The NCS will ensure, where possible, that no matter if someone is working for a third or private sector organisation, a local authority or in an NHS Board, or directly for the NCS, everyone will experience Fair Work in their employment.

The NCS will have national oversight of workforce planning for the social work (through the National Social Work Agency) and social care workforce. Currently, workforce planning is fragmented across a wide range of providers. The NCS will provide an opportunity to improve national, integrated workforce planning and modelling for the whole social services sector – linking this to identifying skills and training gaps so that we have an appropriately skilled and professional workforce for those who require care and support. Training and skills development will be viewed as an integral and essential part of service delivery which will be supported within workforce planning considerations.

The National Social Work Agency will support and invest in the social work profession by providing national leadership, overseeing and supporting social work education, improvement (by establishing a Centre of Excellence), social work workforce planning, training and development, terms and conditions, improving consistency and the scaling up of good practice. It will enable social workers to work with people to transform their lives and implement rights-based practice as part of the overall objectives of the NCS.

As the plans for the NCS develop, while national and local NCS structures will have the ability to employ staff, we do not anticipate that people who work in the services commissioned by the NCS will change their employer. For those involved in healthcare provision we do not expect the responsibility for clinical governance in the NHS to change or to be duplicated in the new arrangements.

In line with our commitment to public protection, we will ensure that new groups of currently unregistered workers can be added to the Scottish Social Services Council (SSSC) Register, where it is in the public interest to do so. We will improve information sharing to inform misconduct cases and streamline the Register to improve movement between sectors and reduce bureaucracy for the registered workforce.

The Scottish Government is aware of the sensitivities around the full registration of Personal Assistants (PAs). It recognises the unique relationship between the PA employer and the PA. Before taking any decision regarding the full registration of PAs, the Scottish Government will consider the effect of changes to the PVG scheme, as well as NCS consultation responses and also broader sensitivities and considerations.

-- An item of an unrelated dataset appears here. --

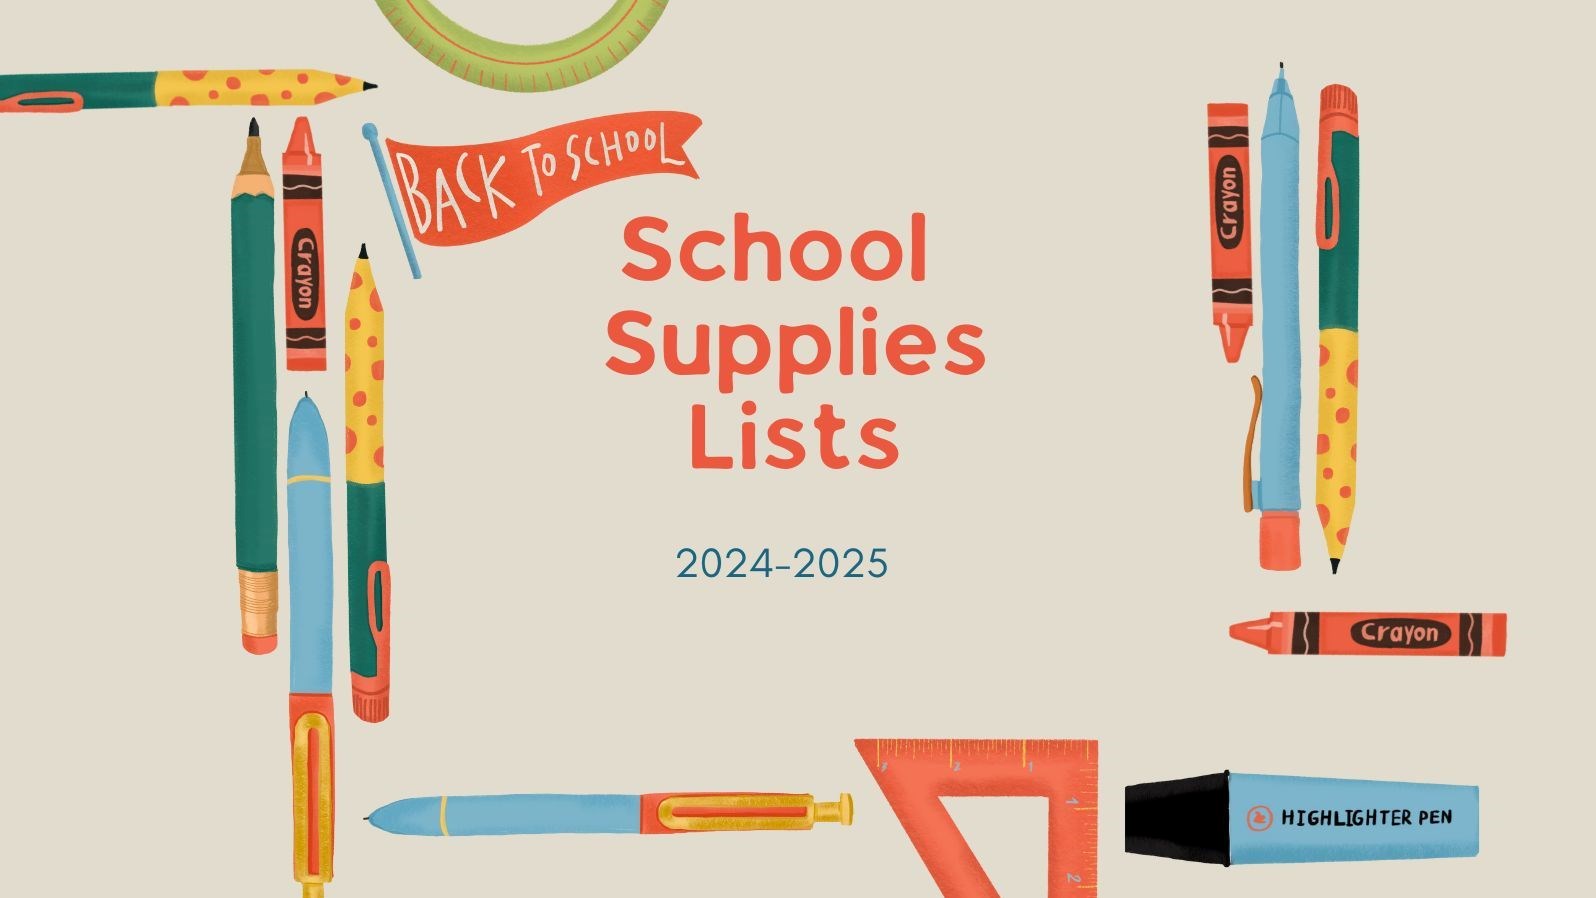 Back to School, School Supplies Lists 2024-2025

It's vital that we have genuinely integrated teams working to resolve problems when they arise and to anticipate needs. To ensure further integration we are keen for services to reach out to and from the hospital and provide more agile and responsive services in the community. We want to support existing teams to reduce the perceived barriers between services that many people experience.

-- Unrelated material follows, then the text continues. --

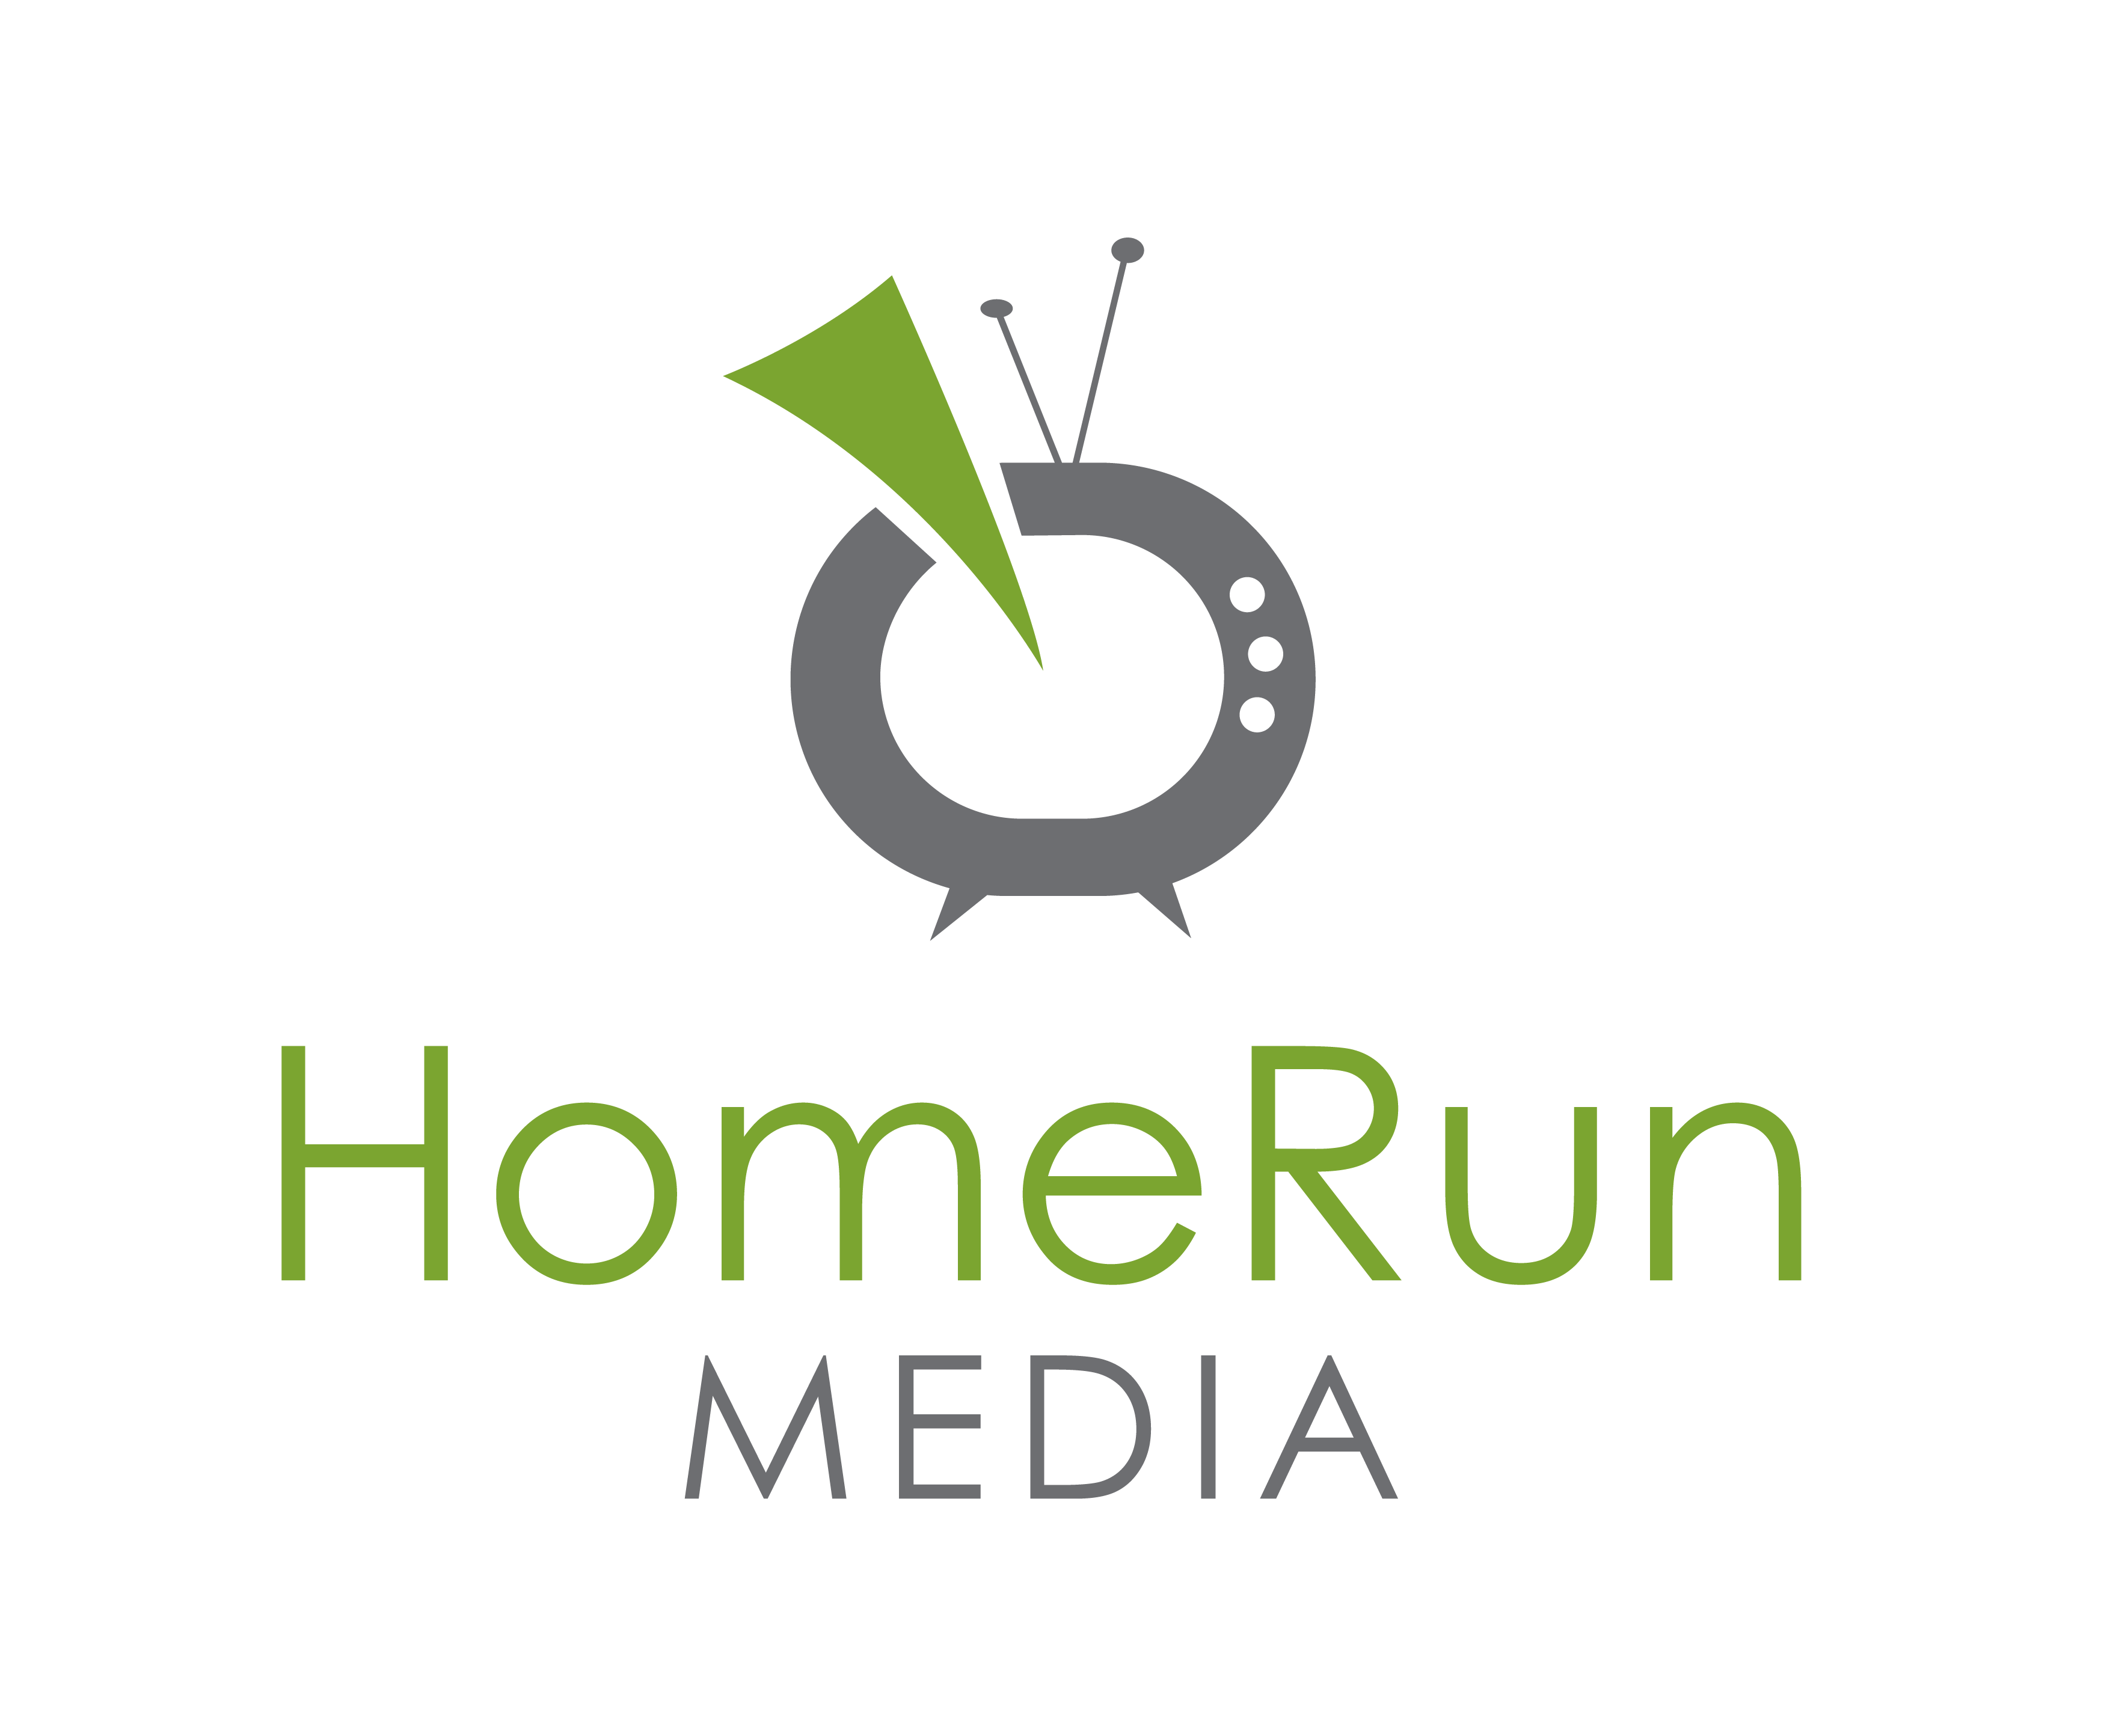 Home Run Media

It is also crucial that unpaid carers, including young carers are supported to continue to access education and activities that are important to them alongside caring and that they can sustain and improve their health and wellbeing. They must be involved in the decisions that affect them and those they care for.

We know that unpaid carers provide vital support to the people they care for and are fundamental to the sustainability of the whole health and social care system. However, we know that they can often feel invisible, undervalued and unable to take rest or breaks.

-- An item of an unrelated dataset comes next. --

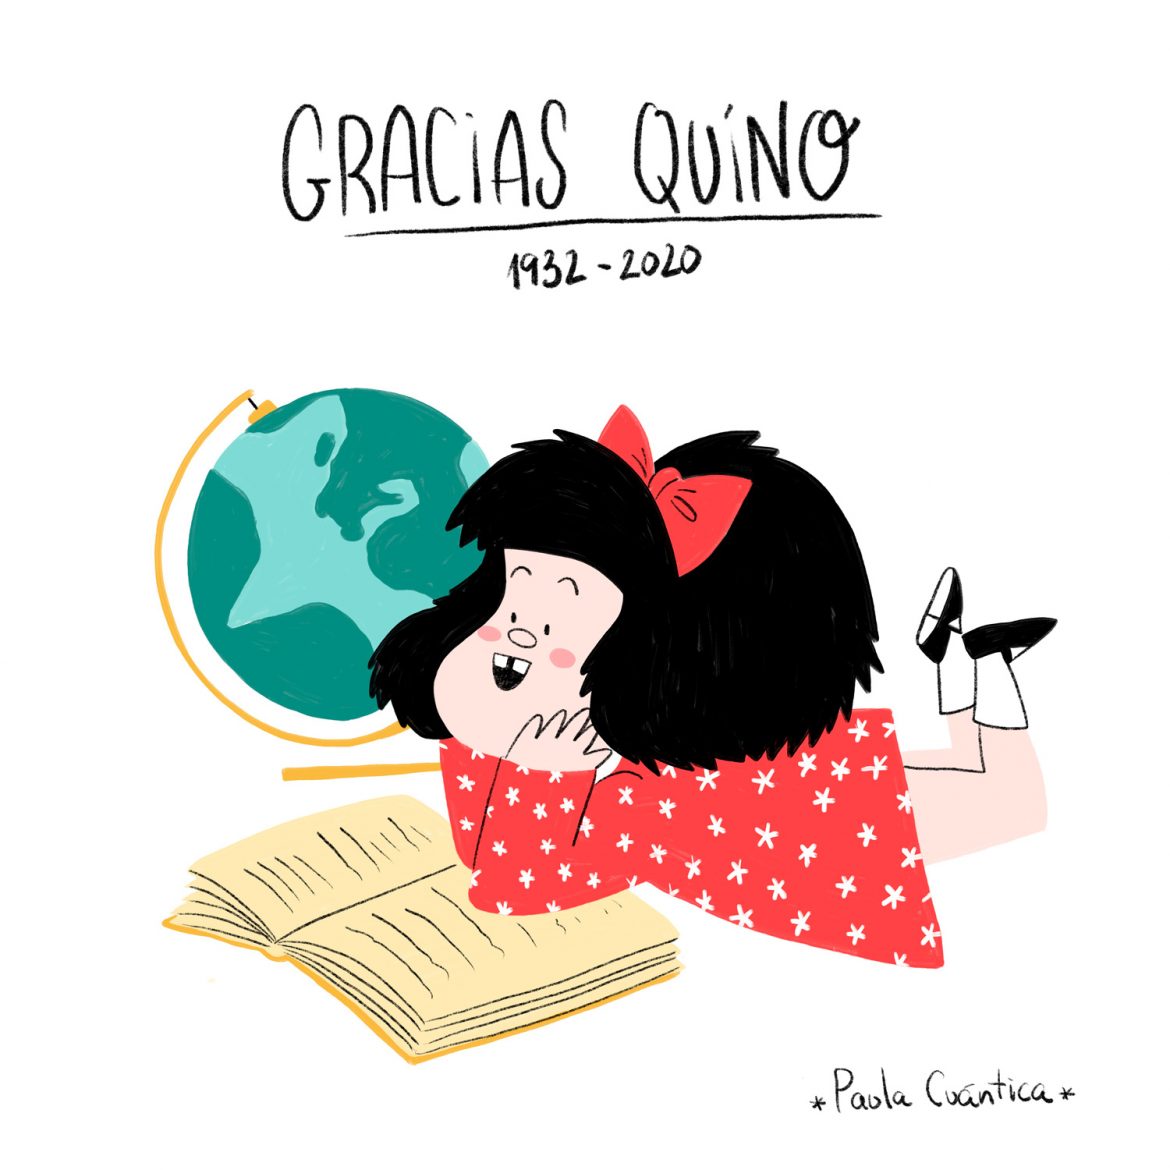 mafalda homenaje 2020 quino proyecto kahlo

To support people to protect their wellbeing, sustain caring relationships and recognise and value the immense contribution of unpaid carers, we will ensure that all carers have rights to rest and breaks. To ensure that carers are recognised and involved as equal partners in care, we will also ensure that carers are fully engaged at all levels in shaping and operating the NCS and individual-level decisions that affect them. We will continue to focus on ensuring people's existing rights to support under the Carers Act 2016 are understood and delivered.